• _DATA EXTRACT_:
+++

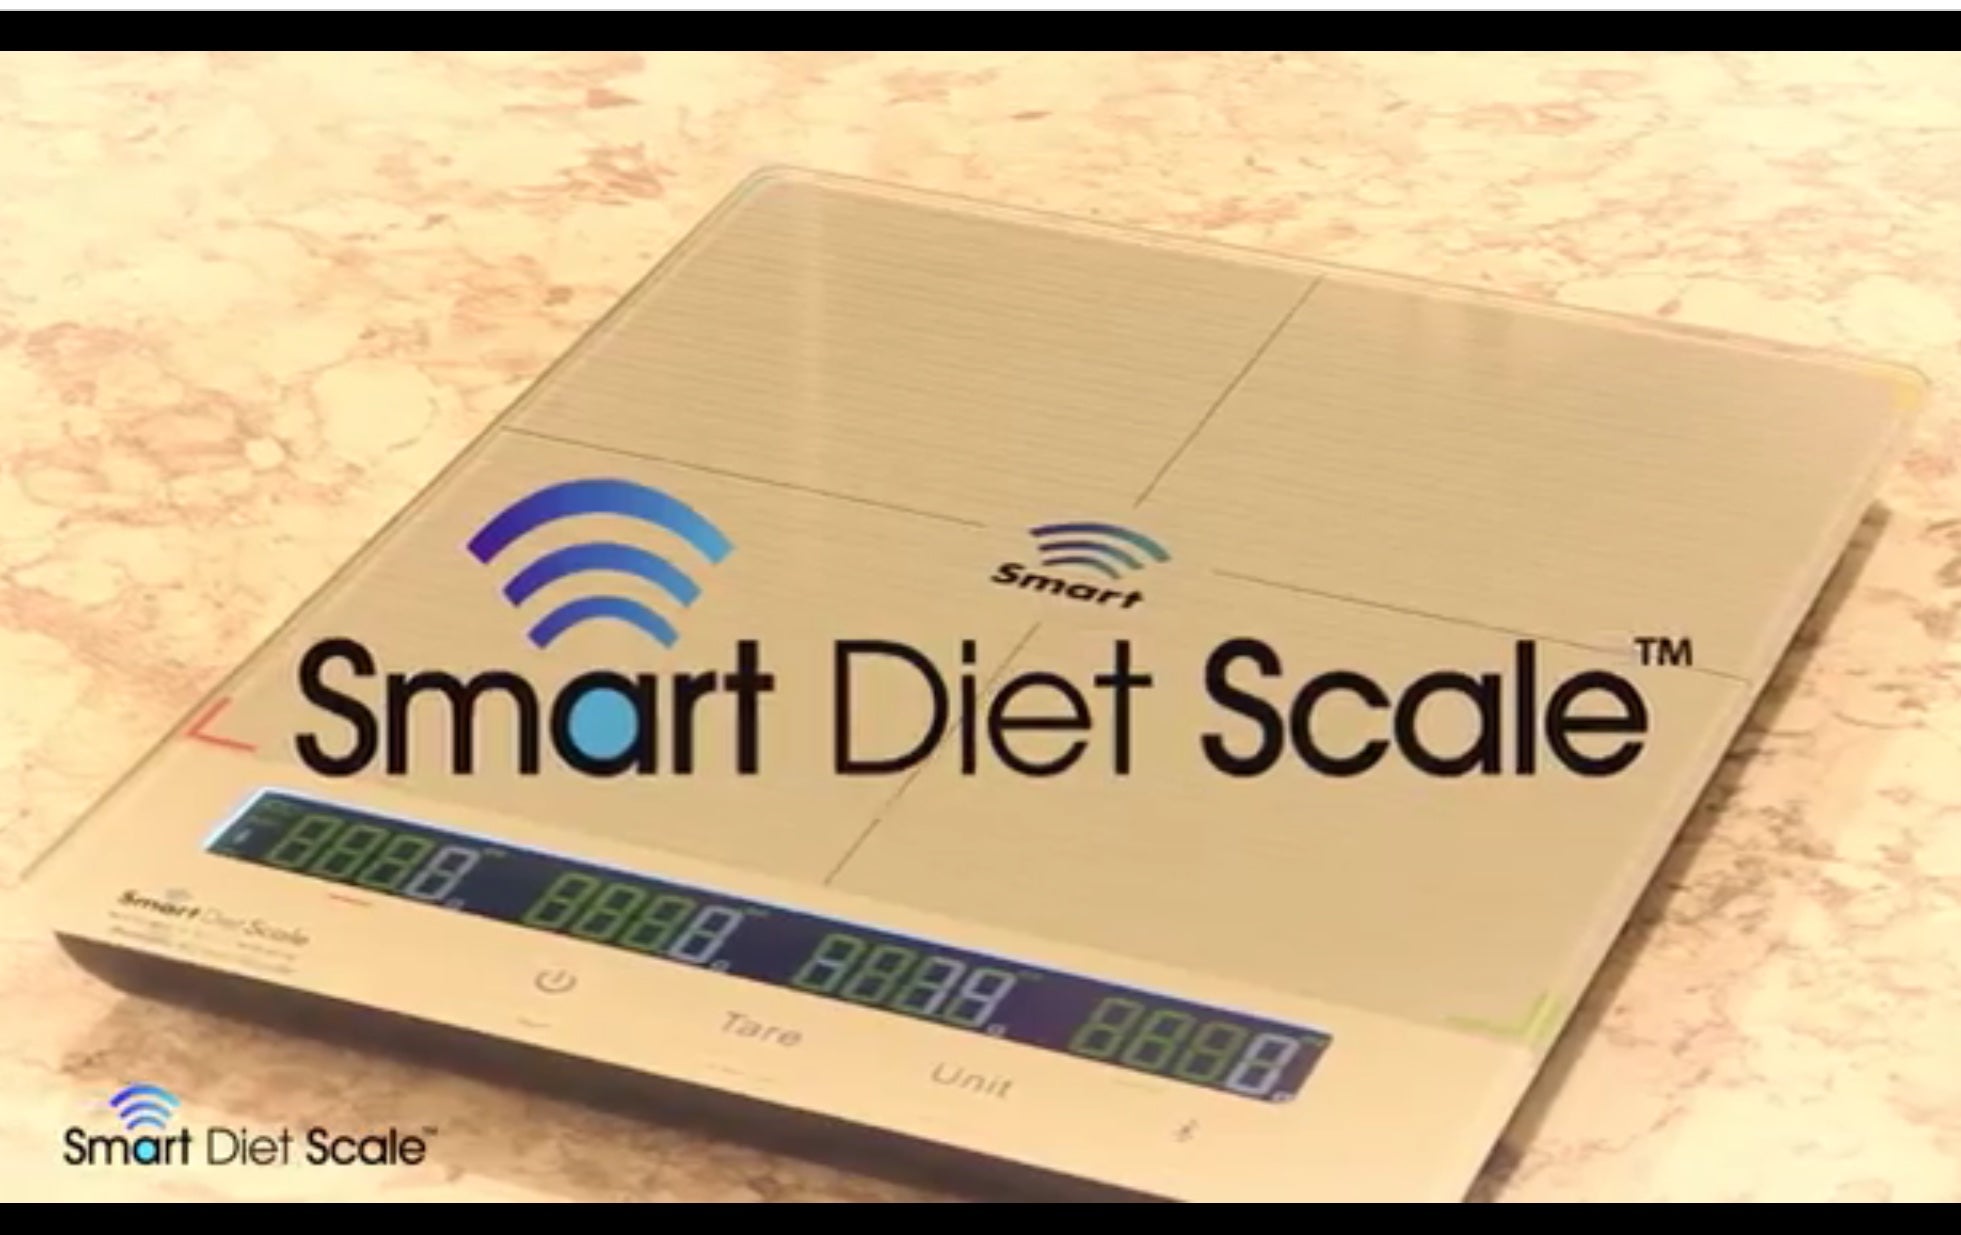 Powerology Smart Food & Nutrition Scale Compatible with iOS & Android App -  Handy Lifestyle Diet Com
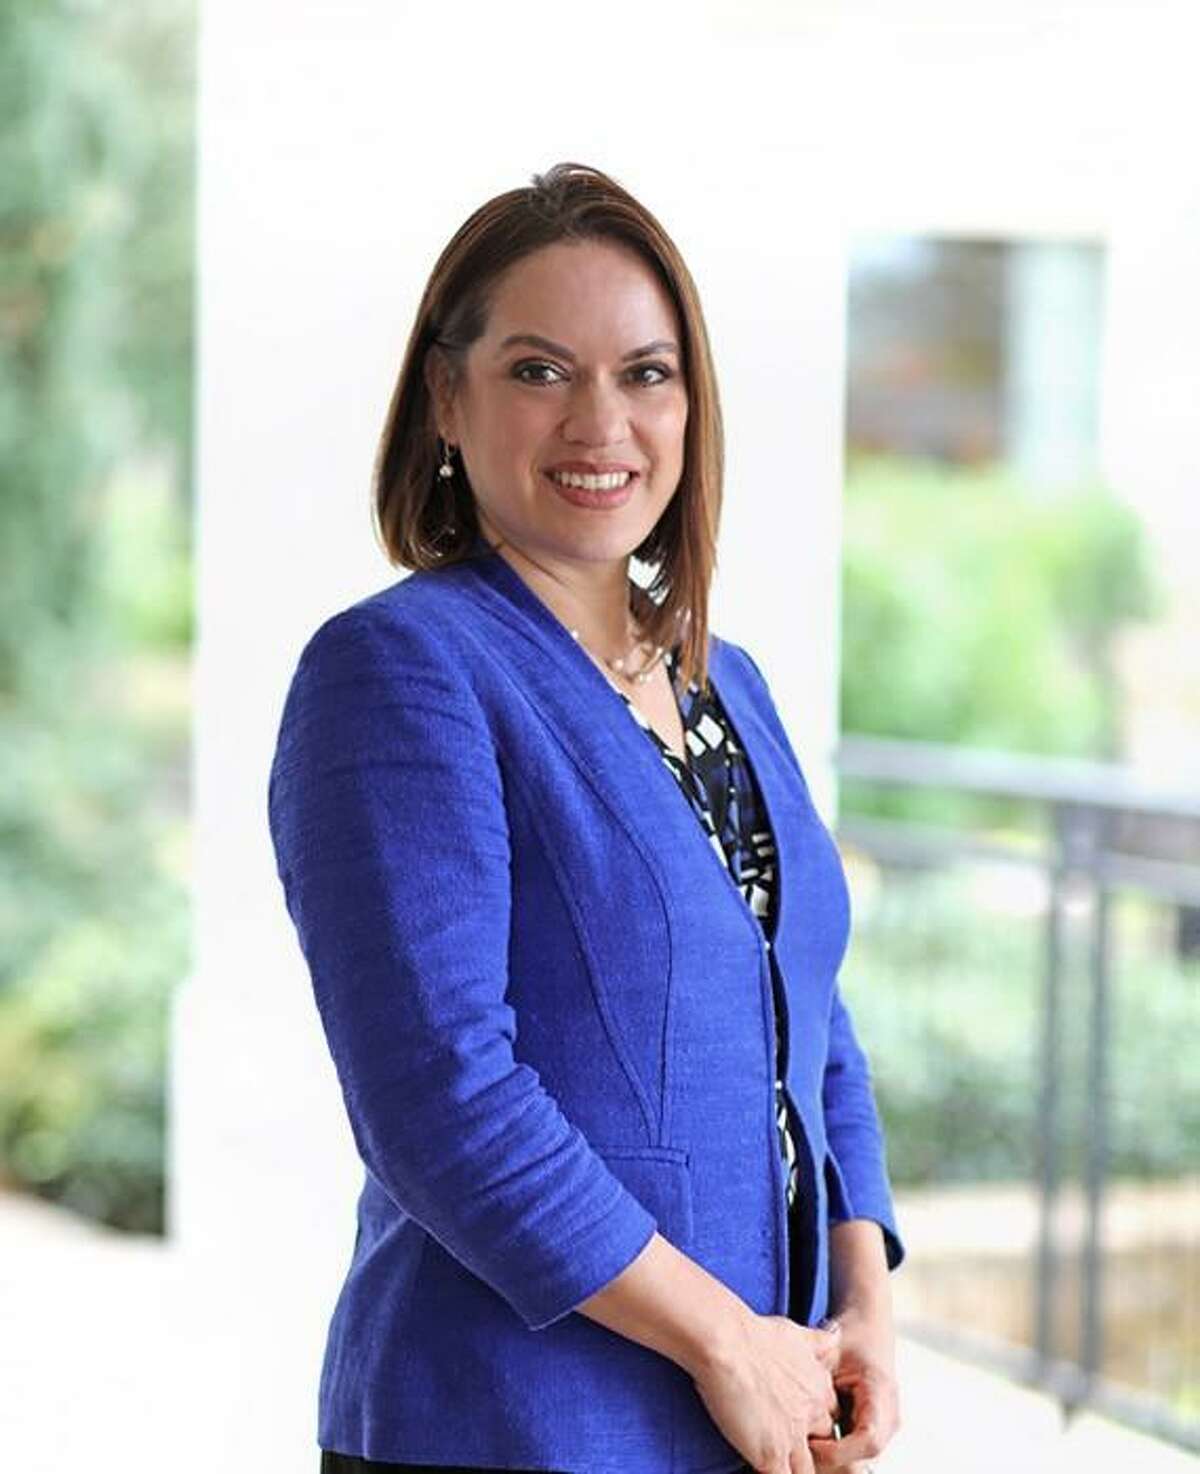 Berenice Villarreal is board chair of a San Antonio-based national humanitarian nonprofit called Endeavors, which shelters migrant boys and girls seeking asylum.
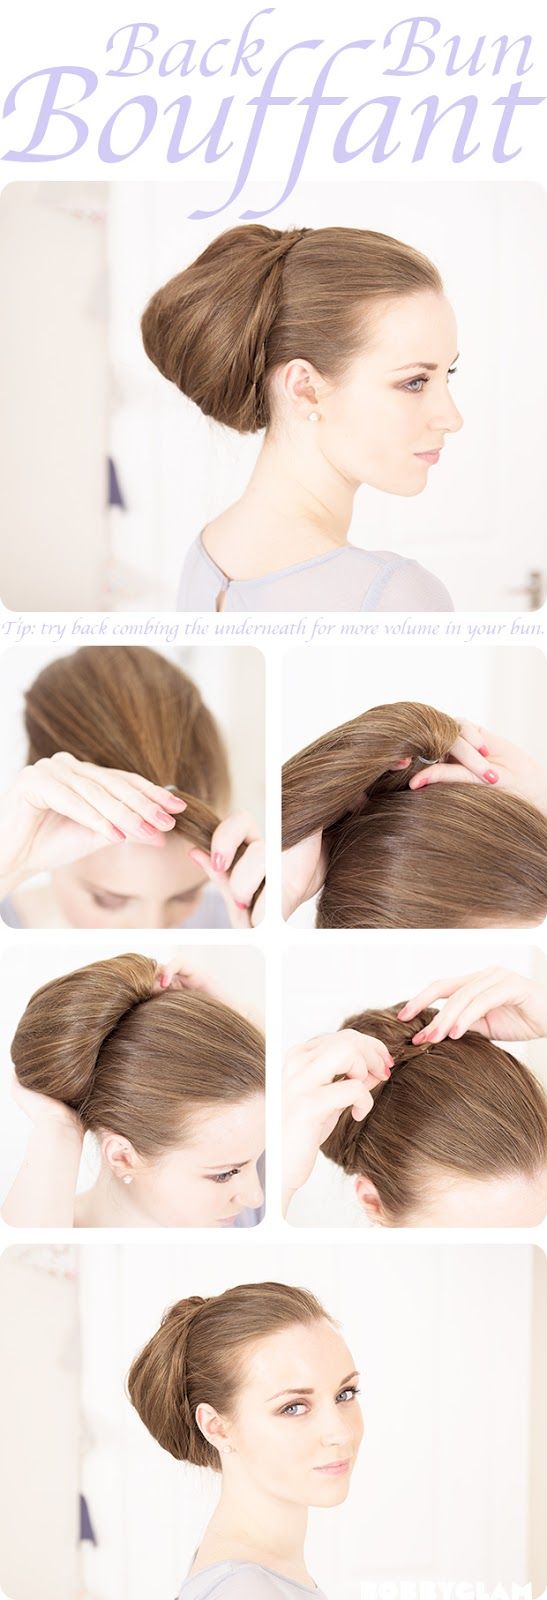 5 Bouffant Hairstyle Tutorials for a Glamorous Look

+++

• _WHAT TO WORK ON_:
Would you return the material exactly, images excluded?

• _REPLY TO THE TASK_:
 Powerology Smart Food & Nutrition Scale Compatible with iOS & Android App -  Handy Lifestyle Diet Com
 Berenice Villarreal is board chair of a San Antonio-based national humanitarian nonprofit called Endeavors, which shelters migrant boys and girls seeking asylum.
 5 Bouffant Hairstyle Tutorials for a Glamorous Look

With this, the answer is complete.